It’s a strategy that all three studios have employed to sizeable box-office receipts. And yet, as suggested by AS2 (and, to a lesser extent, last month’s Captain America: The Winter Soldier), it’s also a tack that increasingly does the opposite of what it intends. Rather than making each film feel like part of an expansive epic world, this inter-connectivity instead turns each saga small and inconsequential, more weighed down by its obligations than enlivened by them.

By stringing together its various properties, Marvel, Sony and Fox aim to mimic their comic-book (and TV) brethren, fashioning serialized tales in which each film is merely a single episode in a grander overarching narrative.
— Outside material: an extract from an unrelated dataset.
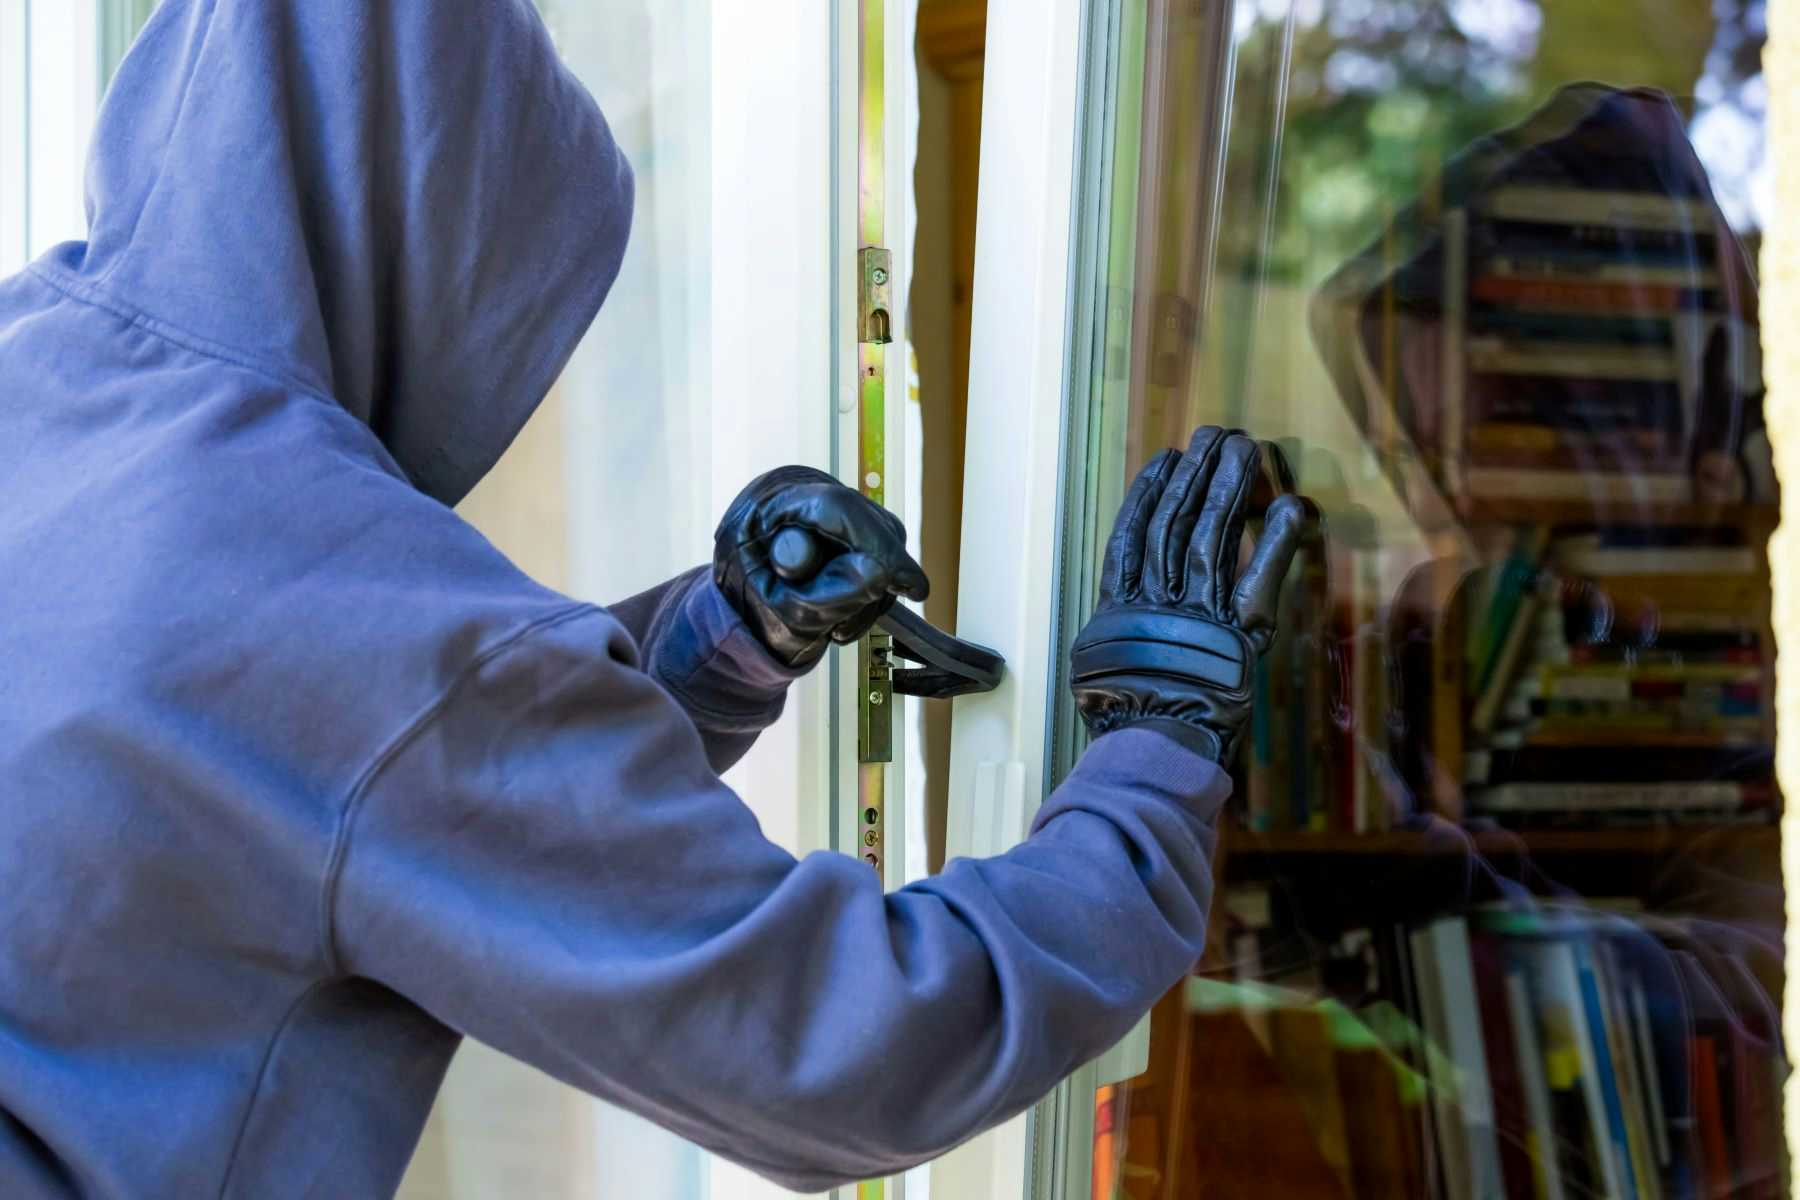 Burglar breaking into home

And it’s an approach that Warner Bros. and DC are embracing with their upcoming Superman Vs. Batman sequel, which will lead into 2018’s superhero-team Justice League film. On the one hand, it’s a shrewd strategy, given long-form television dramas’ current popularity and clout in the pop culture landscape. On the other, though, it seems to ignore the fact that this very line of attack has over the years marginalized superhero comics, since their long-winded mythologies and endless crossovers have made them impenetrable to all but loyal die-hards.

Such is the escalating case with studios’ superhero blockbusters. Marvel’s success has hinged on its ability to hint at (through post-credits stingers), and then thrillingly pull off, an Avengers film that unites its Iron Man, Thor, Hulk and Captain America series. Marvel is full swing into their so-called “Phase Two”—corporate-speak for this round of second and third sequels, a TV show (ABC’s Agents of S.H.I.E.L.D.), and a new franchise (Guardians of the Galaxy) that will build to next summer’s Avengers sequel. Yet the entire endeavor feels overly knotty and unwieldy. In order for the casual moviegoer to be capable of fully enjoying, or even understanding, Avengers: Age of Ultron, one needs knowledge of not just the first Avengers film but various other movies too.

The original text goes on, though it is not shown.